TPM expression of all possible TEs from the genome that can potentially code for the identified peptides was retrieved and 90^th percentile values were calculated for each tissue. TEs coding for each specific peptide were selected and their 90^th percentile values were summed to obtain the total transcript expression related to these peptides. For non-redundant peptides, related transcript expression was directly the 90^th percentile value of the TE coding for the peptides. A log2 ratio was then performed between peptide related expression in GBM samples compared to each GTEx tissue to assess if the related expression of these peptides were higher in GBM samples compared Normal tissues. Using median TPM expression in GBM samples as a threshold, the percentage of expression in Normal samples with an equal or higher expression was also calculated for each tissue. Pheatmap function from ComplexHeatmap R package (v2.6.2) was then used to represent the log2 ratio, the 90^th percentile values as well as the percentage of expression in Normal samples. Clustering method used in the heatmap with the log2 ratio was ward.D2.

Statistical Analyses

Wilcoxon tests were performed with R package ggpubr (version 0.4.0) and its function stat compare means (1): to compare distance to closest gene between Immune and Neoplastic signatures (2) to compare mean expression of the neoplastic signature in bulk RNA-seq samples; (3) to compare length of canonical and non-canonical TE-derived peptides ORFs. Pearson correlation scores were computed using stat cor from ggpubr : (1) to assess the correlation between TEs and their closest protein-coding gene; (2) to assess the correlation between median age of TEs coding for a peptide and the number of TEs that can code for the peptide.
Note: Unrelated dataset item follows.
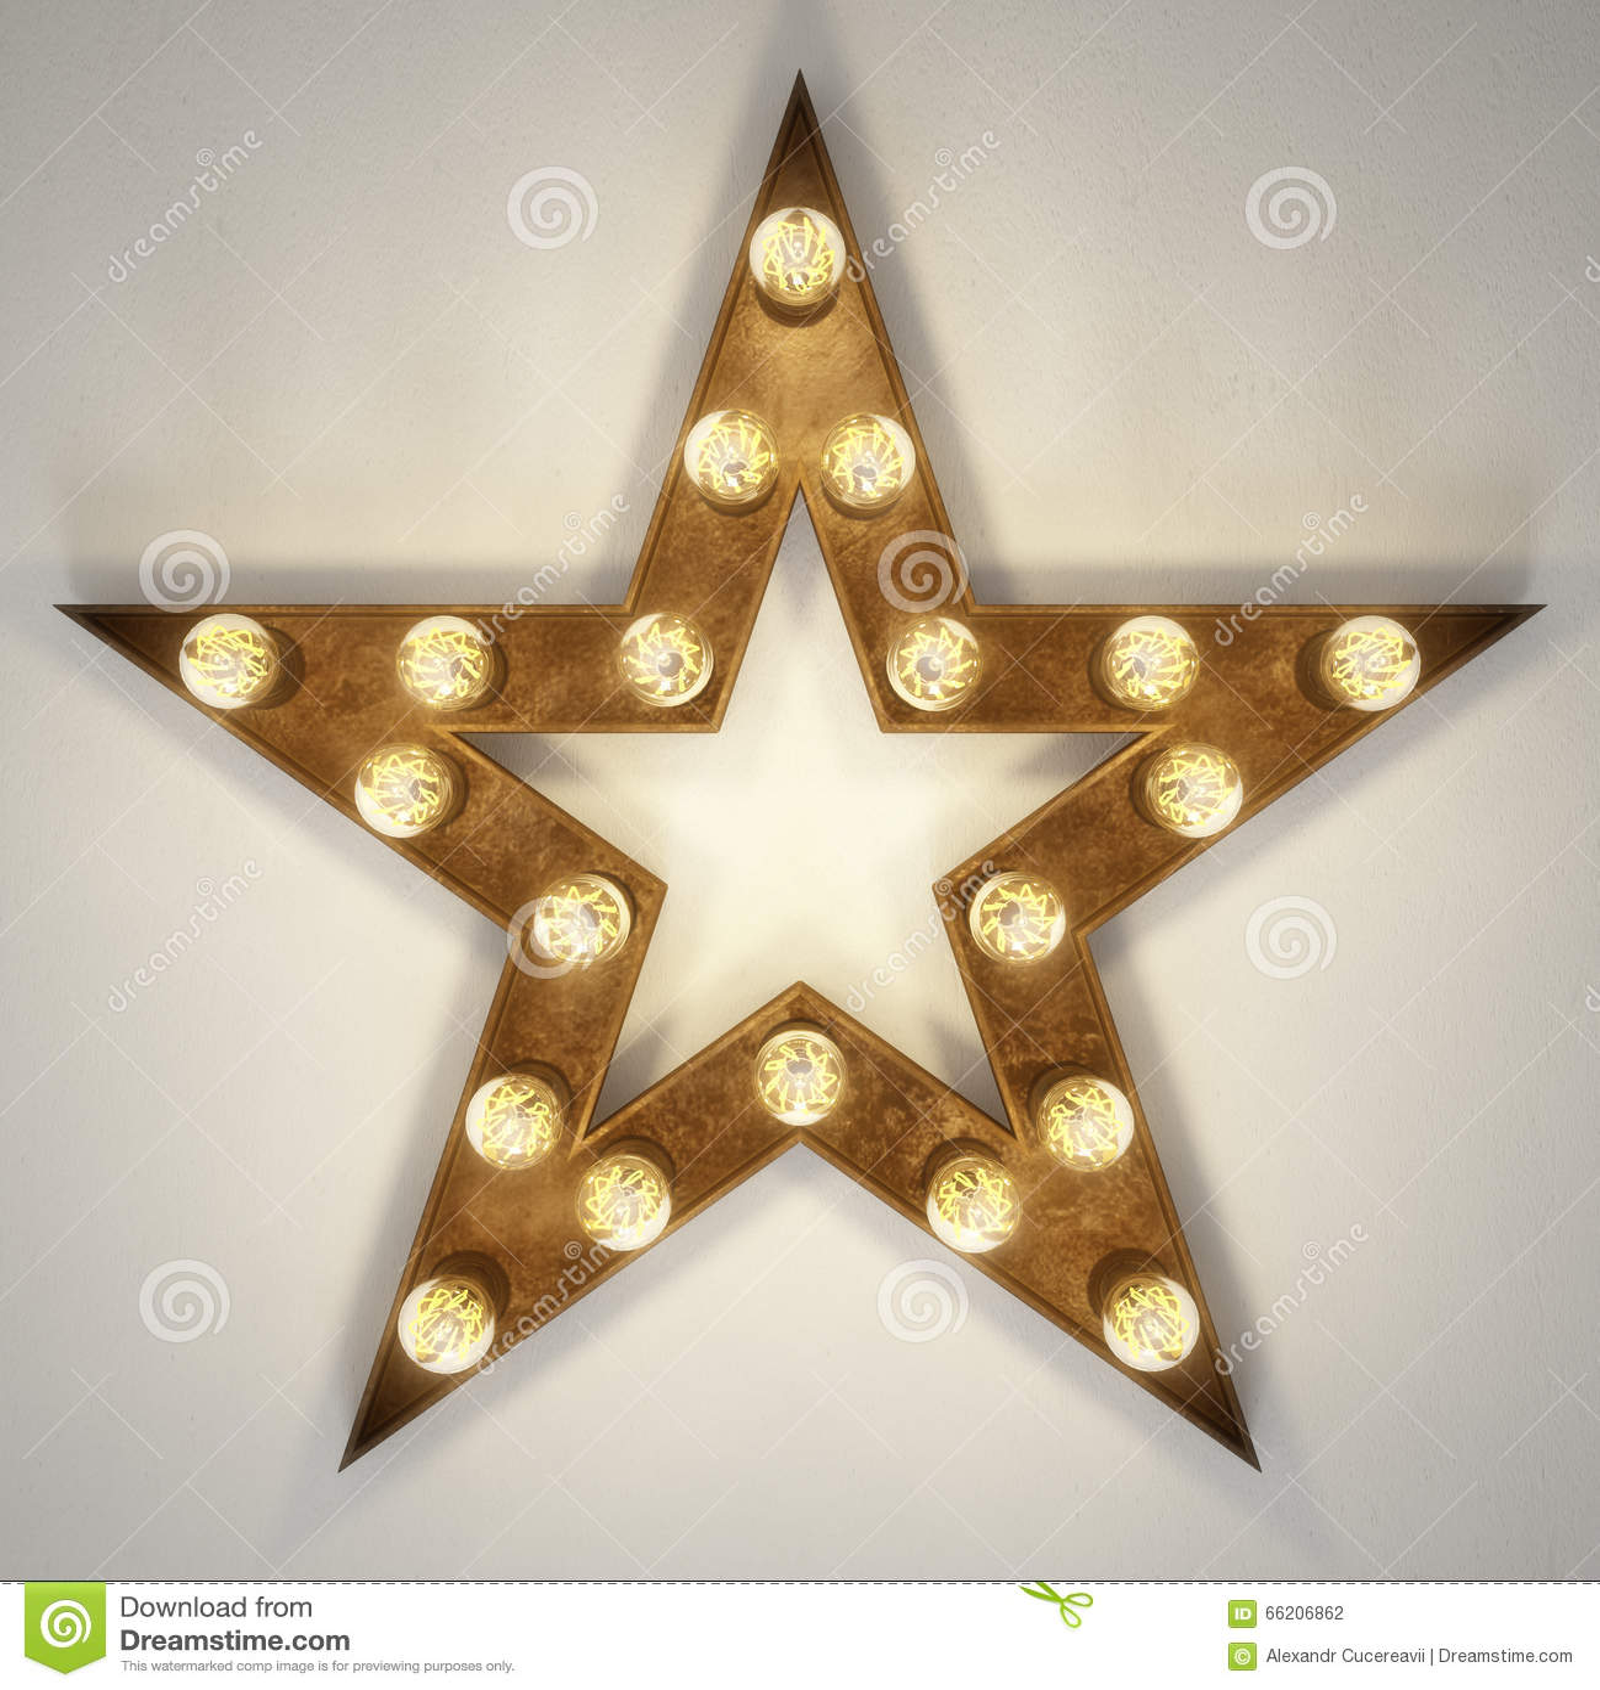 Star shaped light decor stock illustration illustration of bronze star shaped light decor kristyandbryce Images
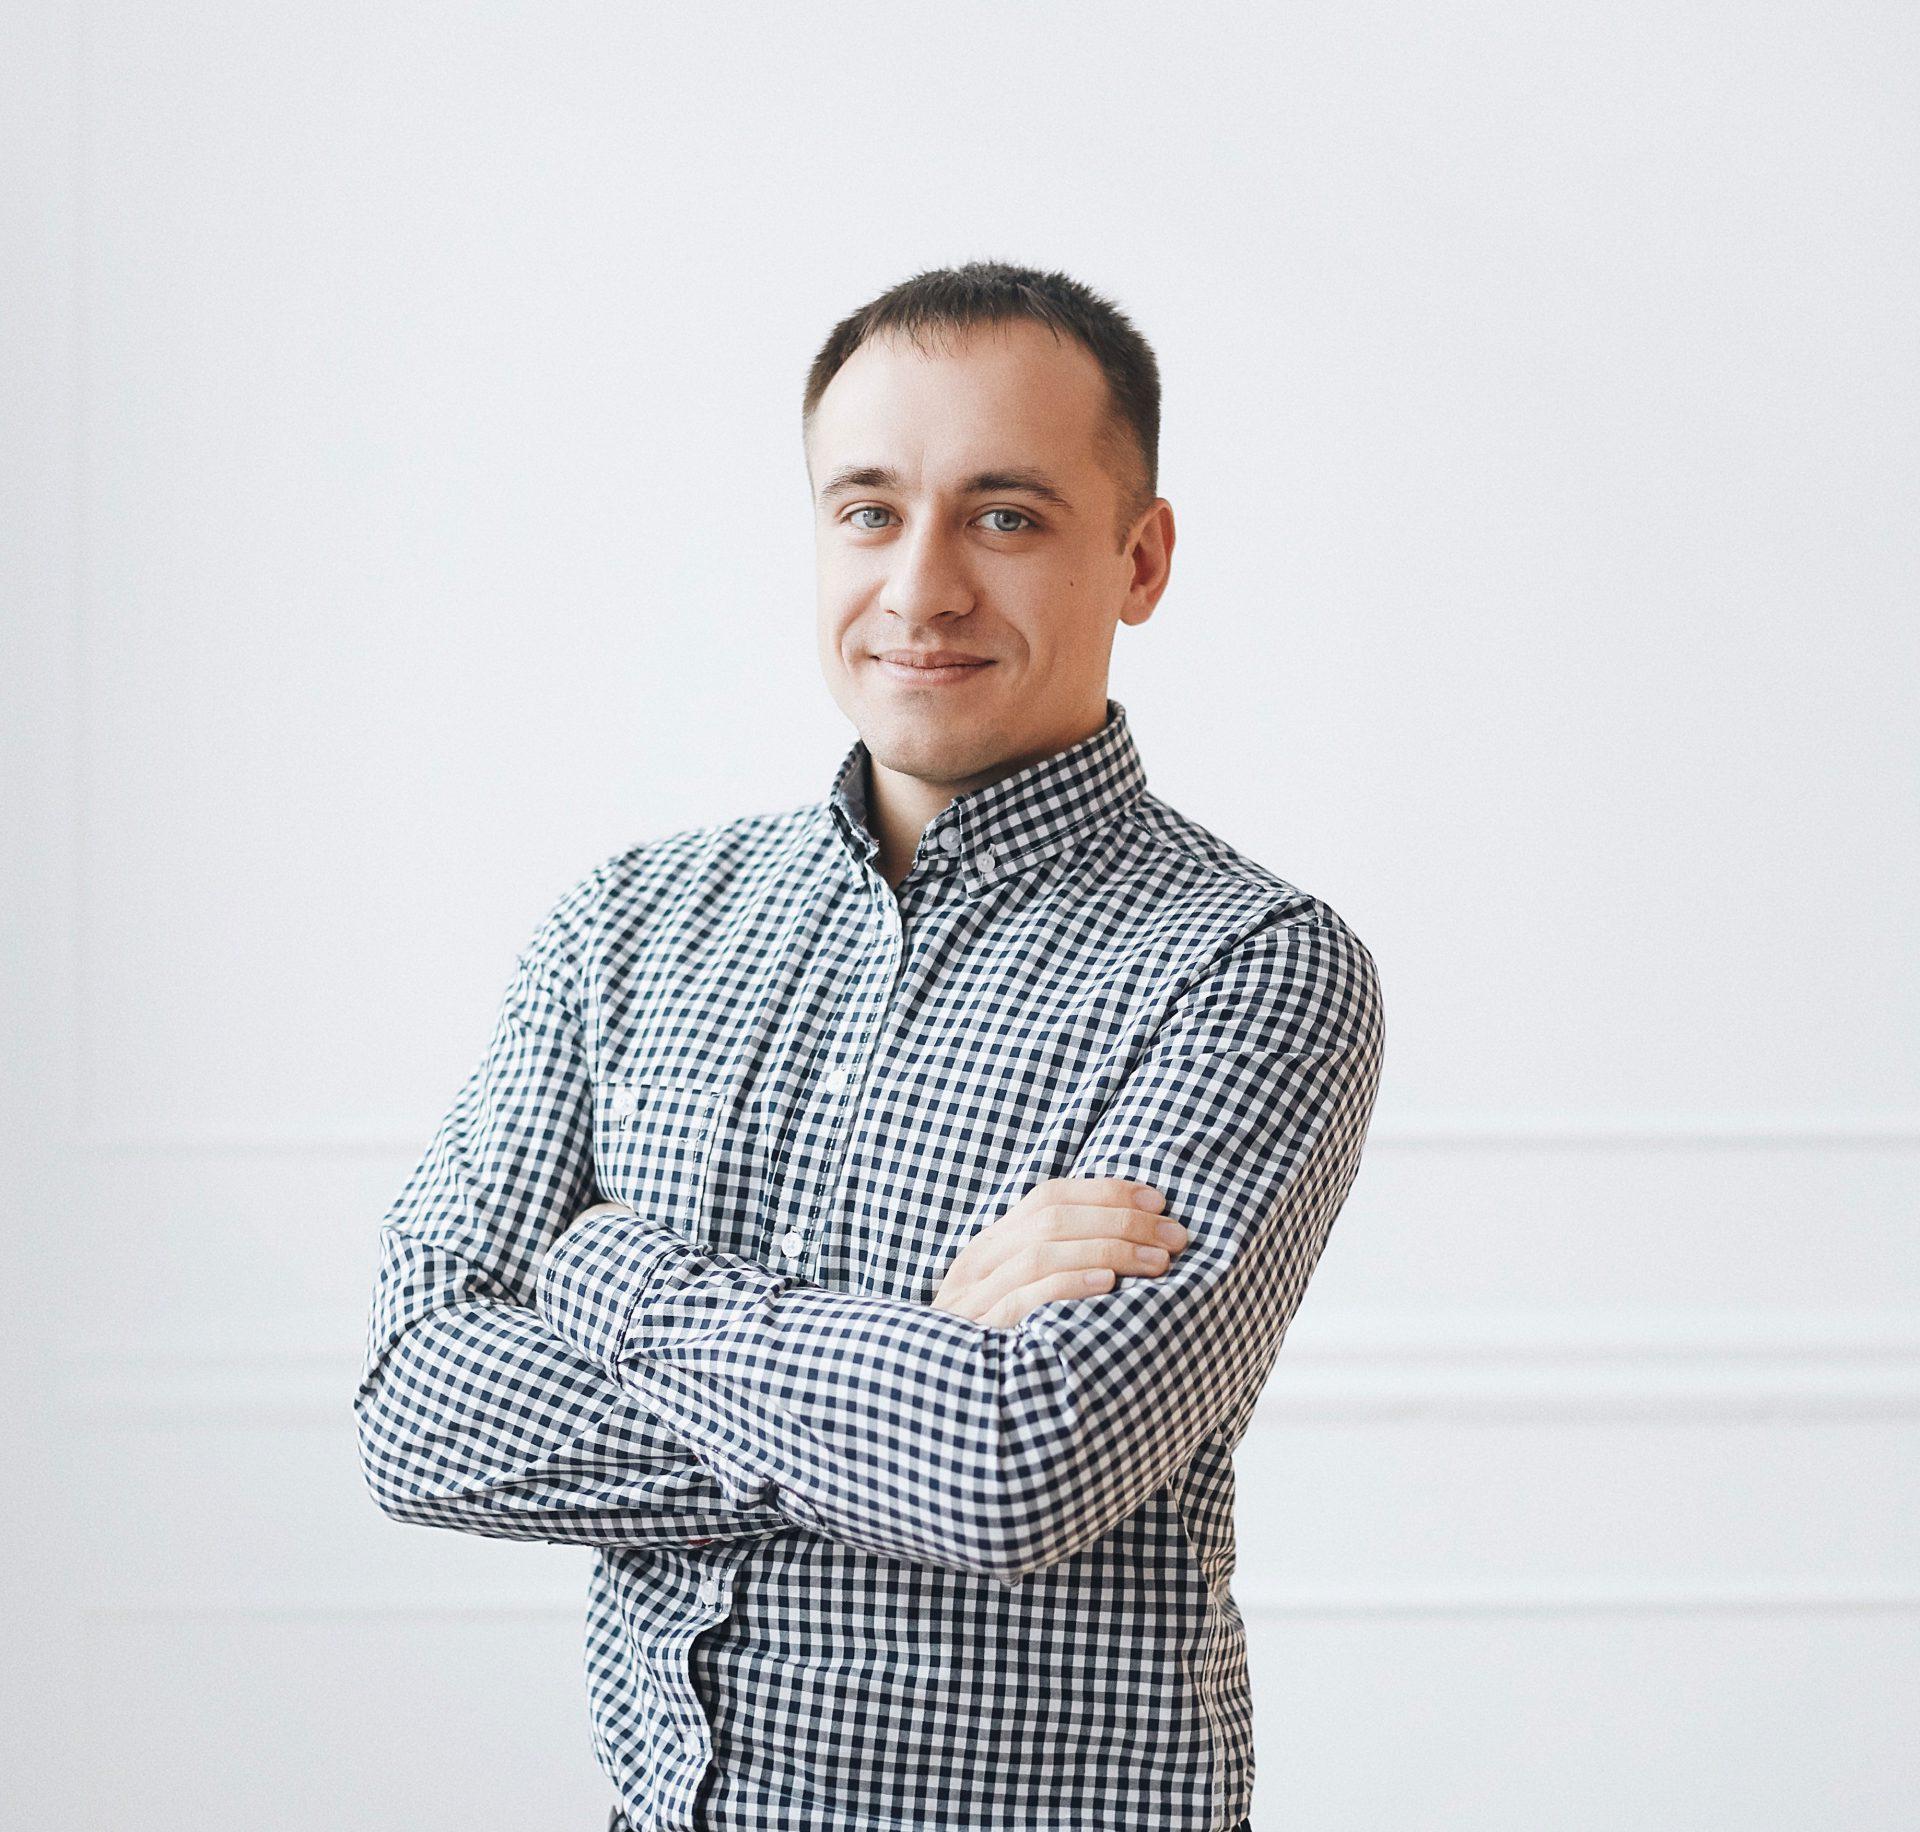 Oleksiy Kuryliak - Marketing Consultant and Strategist

Two proportions z-test were computed to compare LINE proportions in different subsets of individual TEs. The corresponding p-values to symbols are as follows: ns: p > 0.05; *: p <= 0.05; **: p <= 0.01; ***: p <= 0.001; ****: p <= 0.0001.

Results

Single cell TE-expression resolves all cell populations in tumors

It was reasoned that a powerful way to identify TEs expressed specifically in tumor cells would be to compare TE expression in tumor and in tumor-infiltrating cells from the same patients. To do so, single cell transcriptomics (scRNAseq) of all cells present in the tumor microenvironment were used. The study was initiated on a public data set including tumor and juxta-tumor samples from 4 GBM patients analyzed by SMARTseq2 (Darmanis et al., Cell Rep, 2017, 21, 1399-1410). Consistent with the analysis performed in the original article, dimensionality reduction and t-SNE visualization based on gene expression resolves the 7 sorted cell populations from the tumor core and the surrounding tissue: immune cells (mostly macrophages), neoplastic cells and oligodendrocyte precursor cells (OPCs) are the most numerous (Fig IB.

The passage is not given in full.